In contrast, the cases in employment situations are much easier because the relationship between employer and employee will mean that the former will know how the employee is likely to react to stress. We feel more comfortable imposing liability where the employer had notice of the employee’s problems, even if their reaction would be considered disproportionate by many. Barber v Somerset County Council  UKHL 13 is a good example of this: because the employer knew about the claimant’s stress it was under a duty to help alleviate it. In such a personal situation we can more readily accept that the defendant should have foreseen psychiatric injury.
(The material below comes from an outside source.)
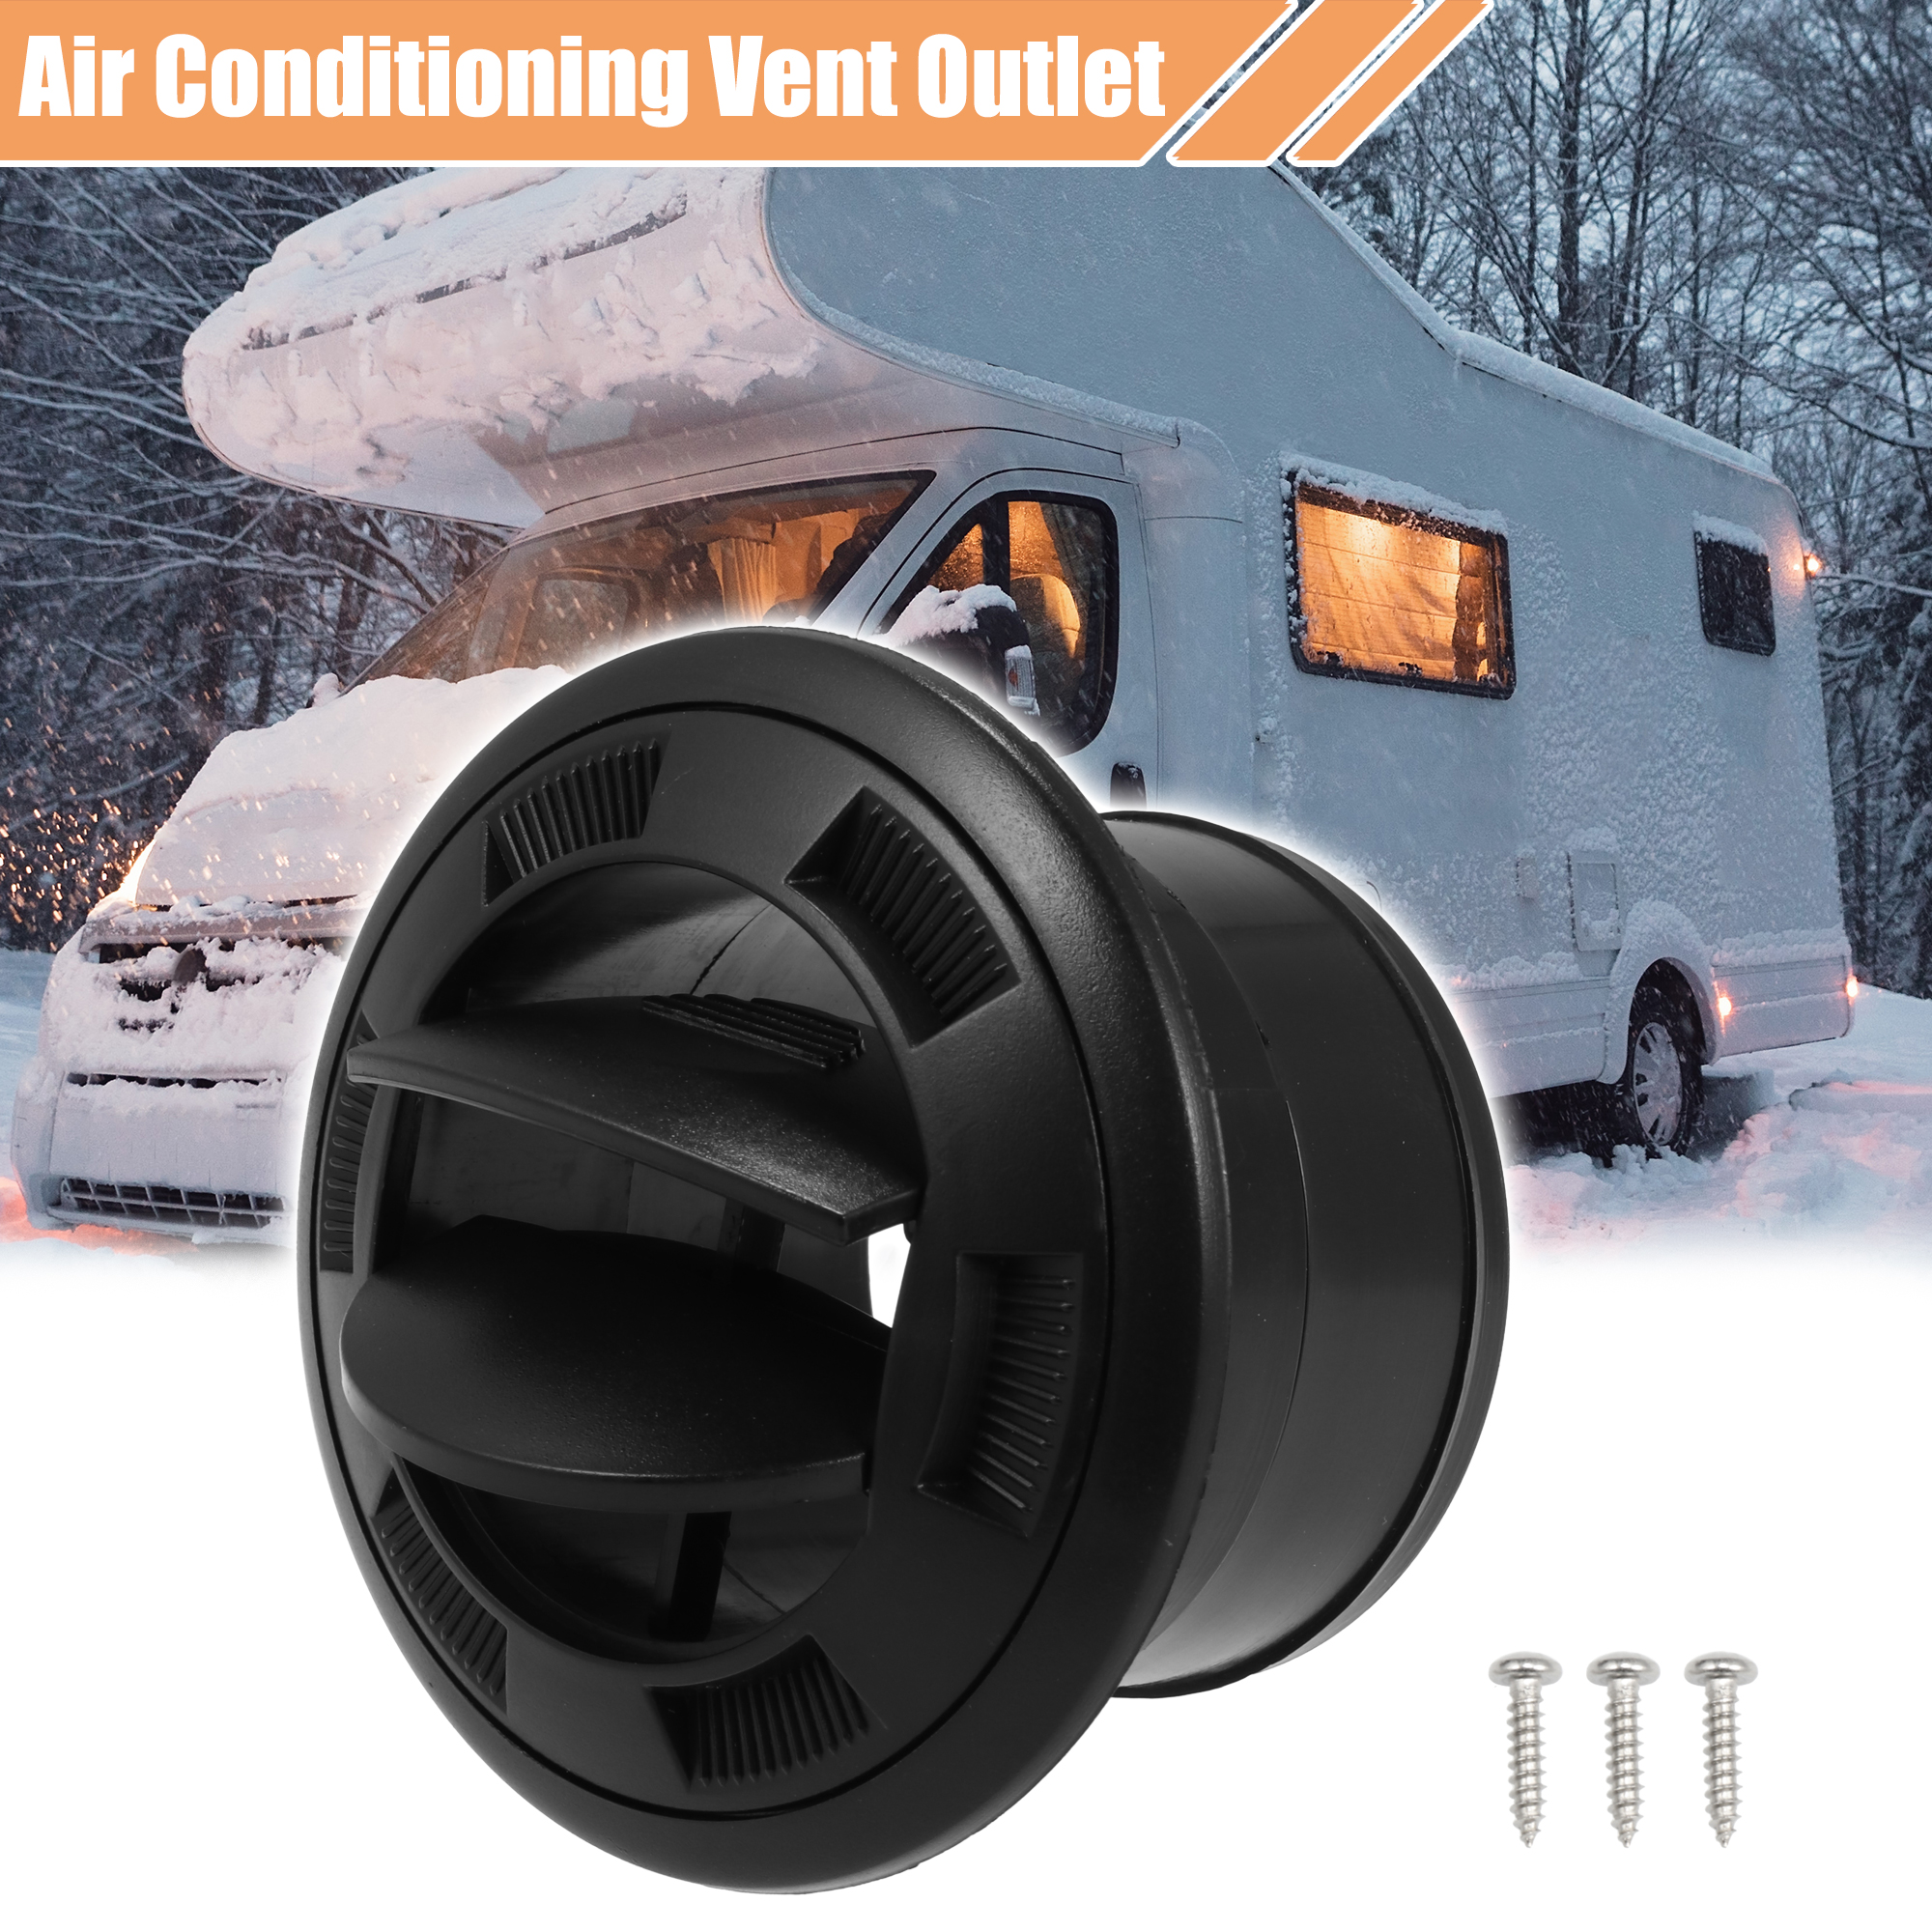 Unique Bargains 75mm Air Conditioning Vent Deflector Outlet Louvered Kit for RV without Grille

It is undeniable that psychiatric injury is different to physical injury, but simply because we are only just beginning to understand it does not mean that our laws on recovery for psychiatric injury inflicted as a result of negligence should not develop as our knowledge does. We do need to think carefully about who we can ‘expect’ to develop such injuries, and whether we are comfortable with telling people that they are overreacting (which is, essentially, what the law does by refusing cases). But there is certainly work to do in the meantime, such as removing some of the hurdles for a loved one’s injury- as recommended by the Law Commission. Psychiatric injury is difficult enough to deal with without the added stress of a tortuous legal case.